### To do
Everything from the line with "Human Female Body" to the end of the data below, both lines included, should be transcribed exactly; please omit the pictures.

### Data shown
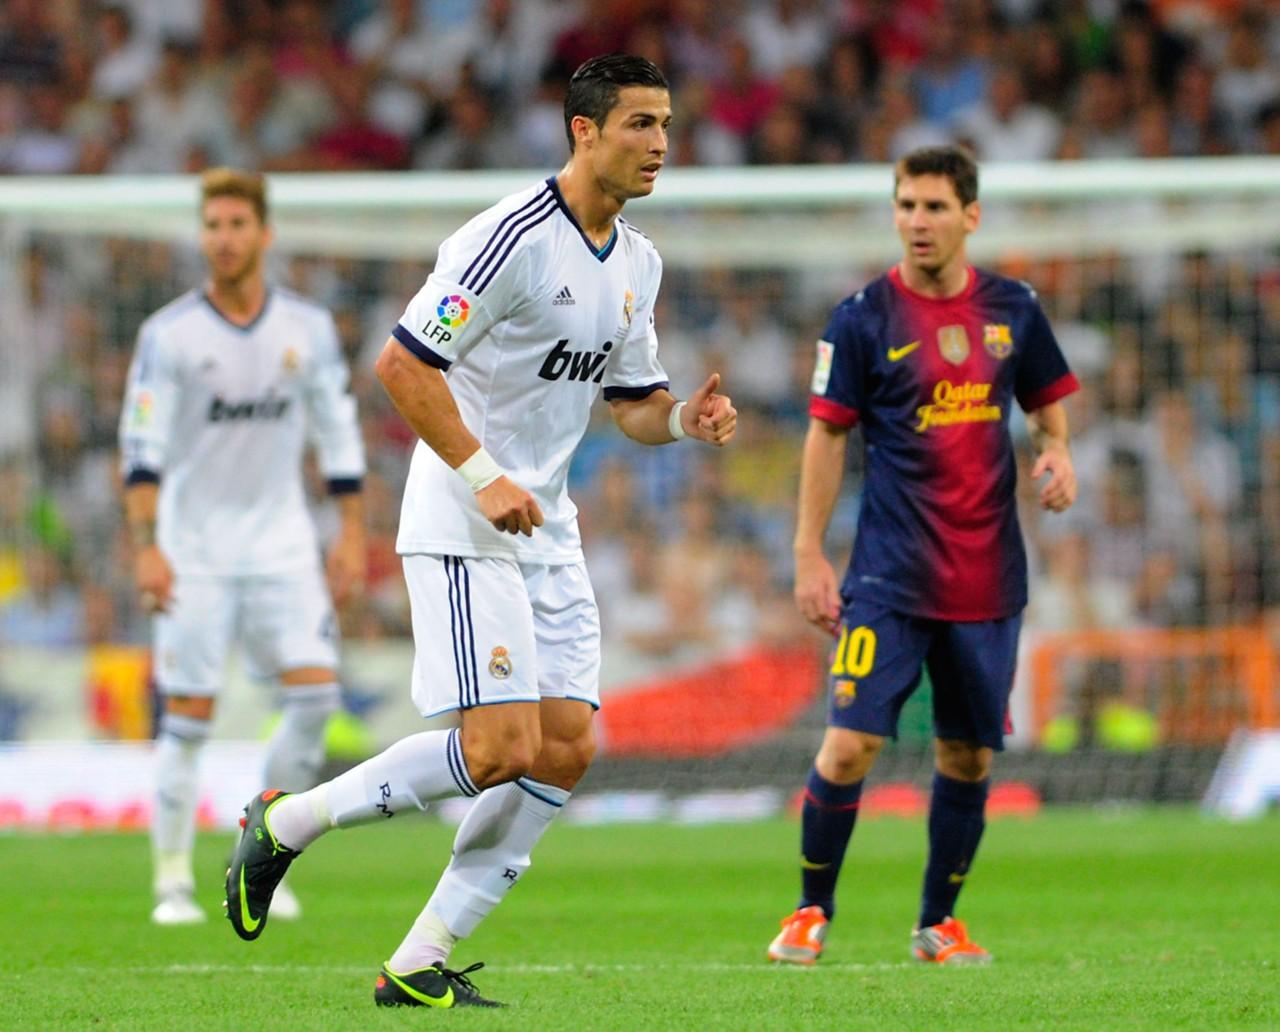 Real Madrid 2 x 1 Barcelona - Gonzalo Arroyo Moreno/Getty Images
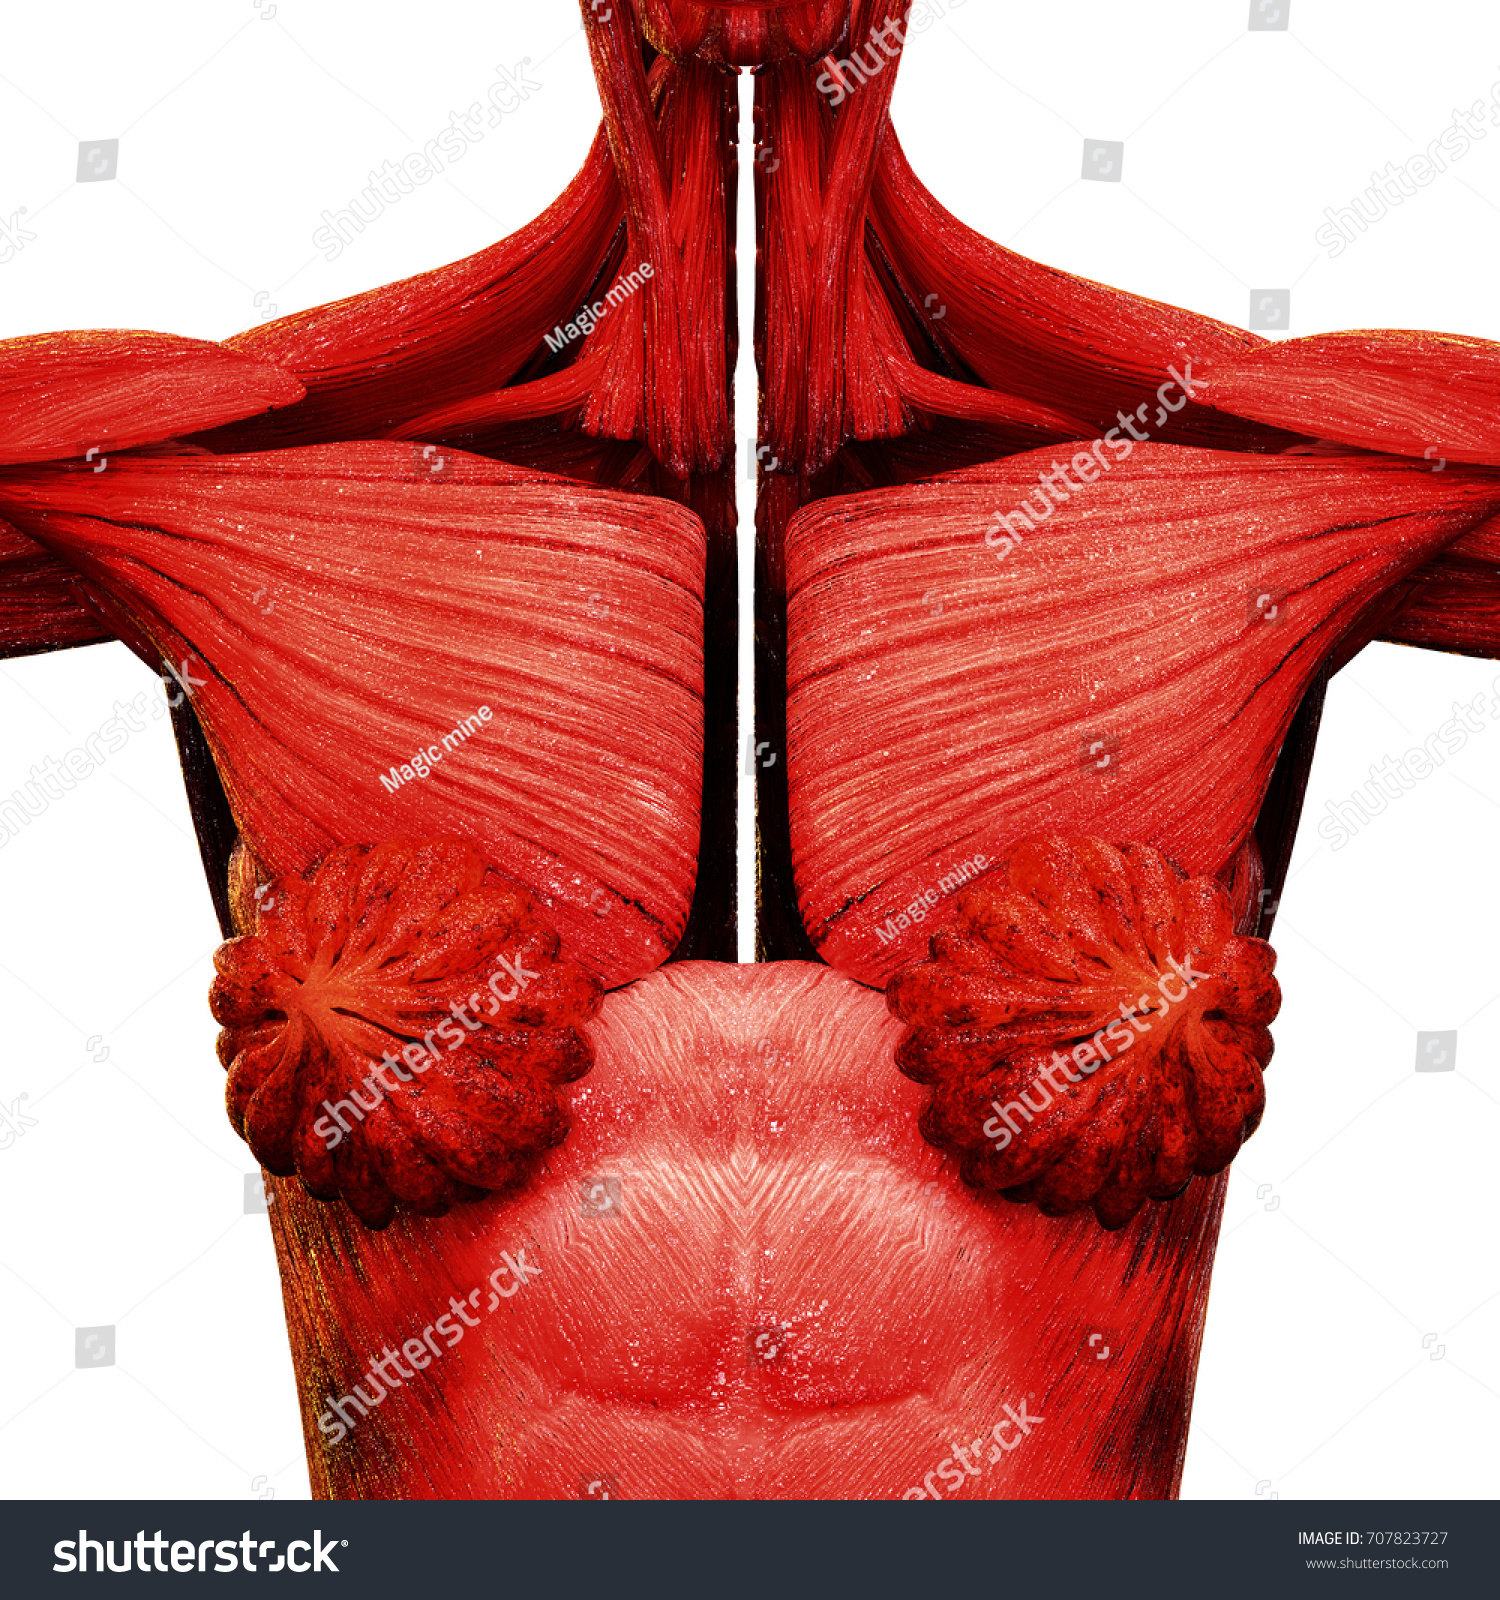 Human Female Body Organs Mammary Glands Stock Illustration 707823727 ...
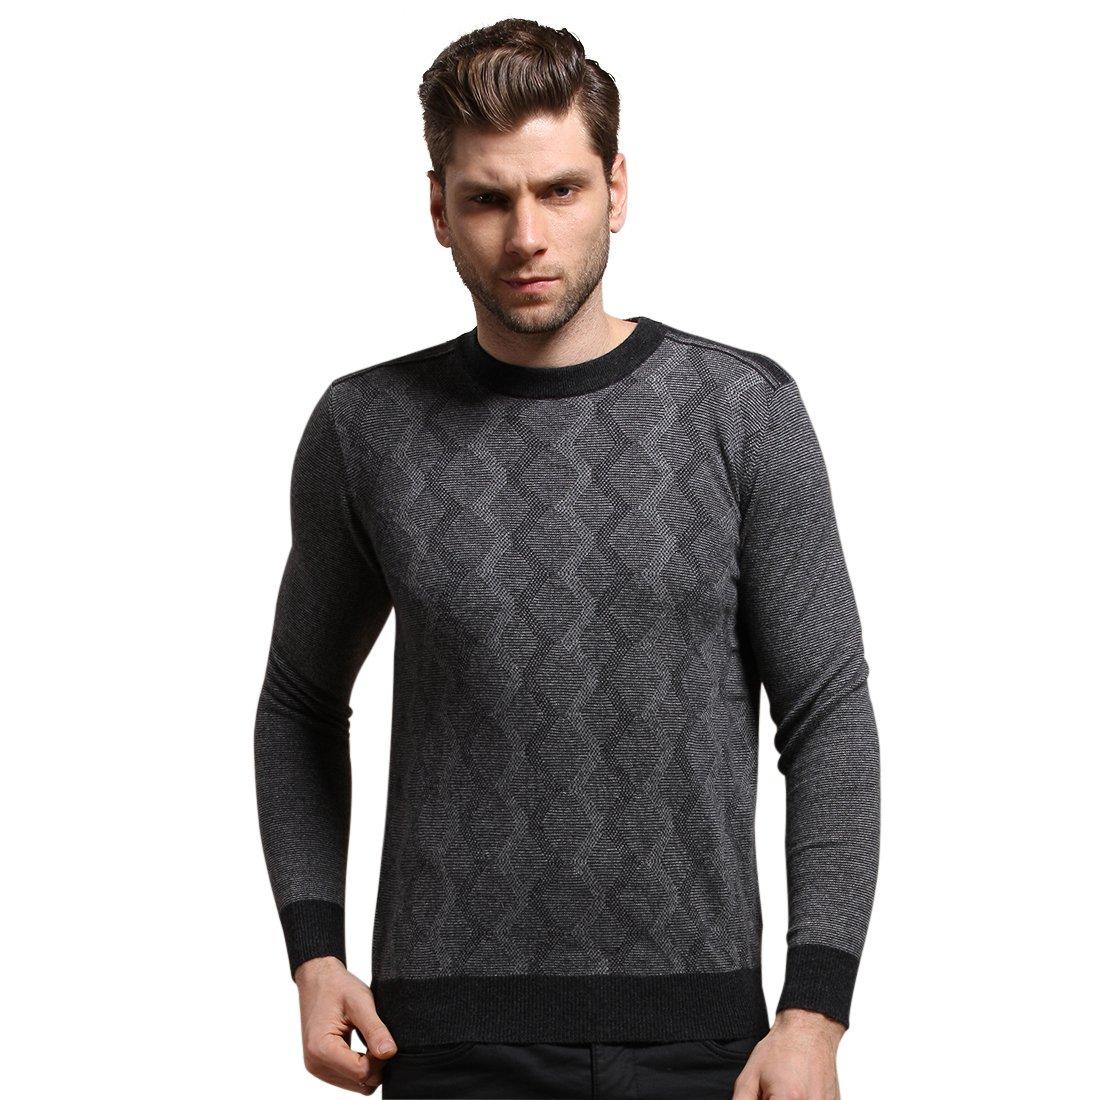 SpringAir Men's 100% Cashmere Sweater Long Sleeve Slim-Fit CrewNeck Pullover

### Answer section
 Human Female Body Organs Mammary Glands Stock Illustration 707823727 ...
 SpringAir Men's 100% Cashmere Sweater Long Sleeve Slim-Fit CrewNeck Pullover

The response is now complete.